In addressing this question of who should shoulder the burden of a special needs child’s education during appeal, the Third Circuit Court of Appeals explained:
We are not insensitive to the financial burden our decision will impose on school districts, … or the seeming incongruity of the ultimately prevailing party having to pay for a now-rejected placement. Despite two judicial determinations that Ridley did not deny E.R. a FAPE [free and appropriate public education], the school district will be assessed the cost of her private school education for a substantial period of time. It is impossible, however, to protect a child’s educational status quo without sometimes taxing school districts for private education costs that ultimately will be deemed unnecessary by a court. We see this not as “an absurd result”,… but as an unavoidable consequence of the balance Congress struck to ensure stability for a vulnerable group of children.

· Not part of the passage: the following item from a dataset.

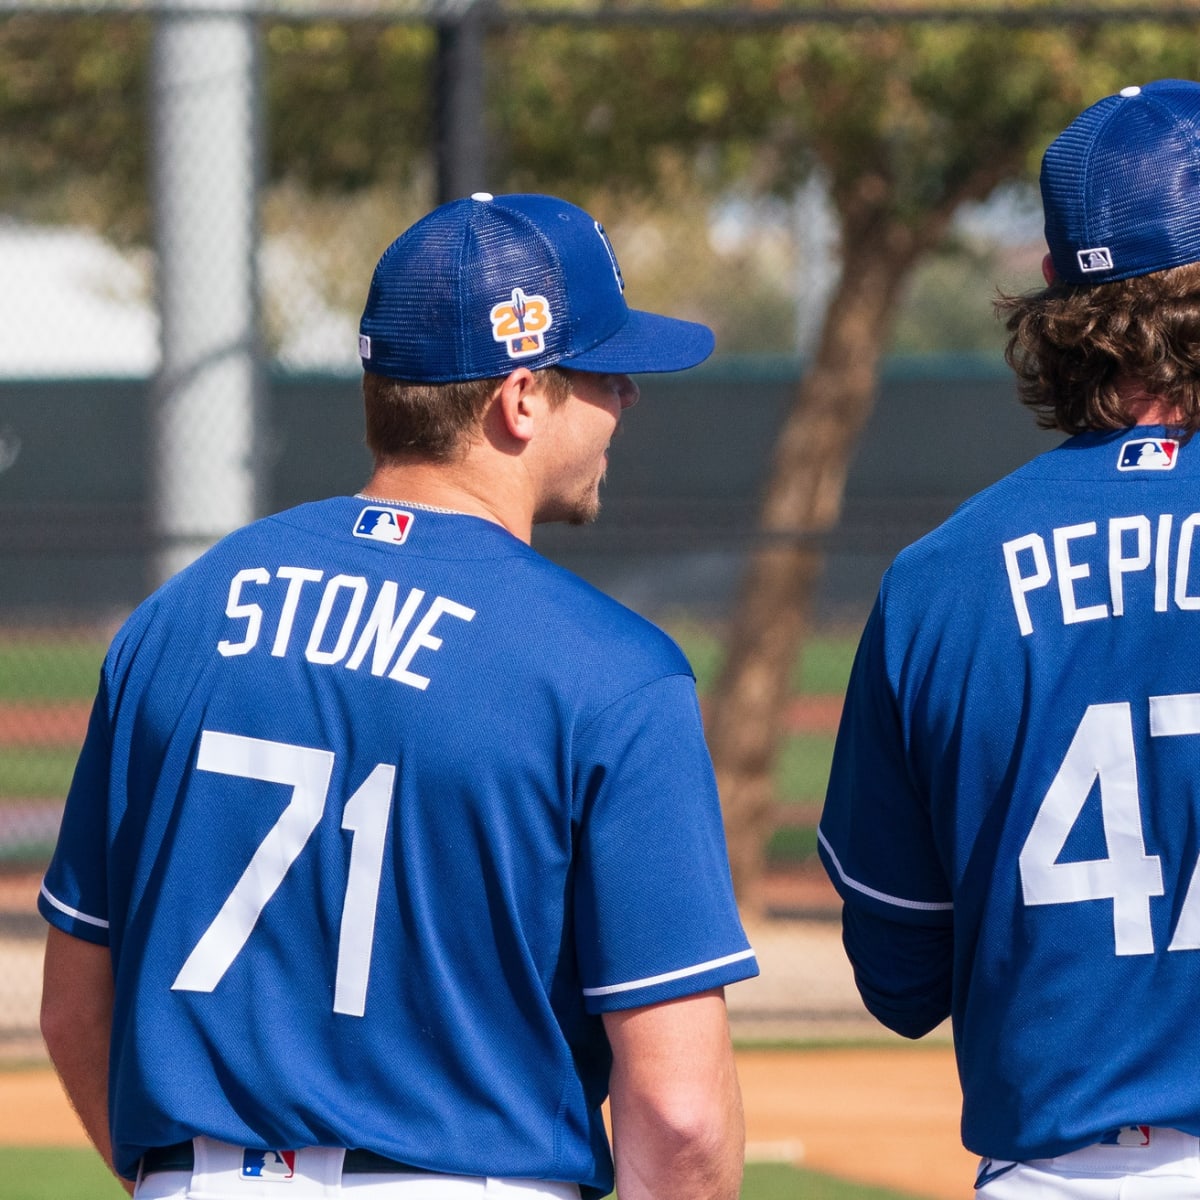 Dodgers prospect Gavin Stone making an impact in first MLB camp

This ruling removes the uncertainty that was faced by many special needs students – not just those like Emily placed in private schools by their parents, but also the more typical situation of children challenging their school’s efforts to reduce or eliminate programs and special education services they had been receiving in their regular public school and in charter schools.
The denial of certiorari by the Supreme Court assures this continuity for children in the Third and Ninth Circuits. Without reading too much into the denial of certiorari, in light of the issues raised in the briefing, the decision to let the Third Circuit’s ruling stand may provide support for those arguing in other court’s across the country that stay-put continues on appeal.
Alan is pleased to have played a role in bringing clarity to this important area of special education law.
In addition to Professor Brian Wolfman, a brilliant, knowledgeable and tireless Supreme Court advocate, Alan also express heartfelt thanks to Georgetown Law students Jessica Westerman and Bradley Girard, and Stanford Law Supreme Court Clinic students Michael Mestitz and Stephany Reaves.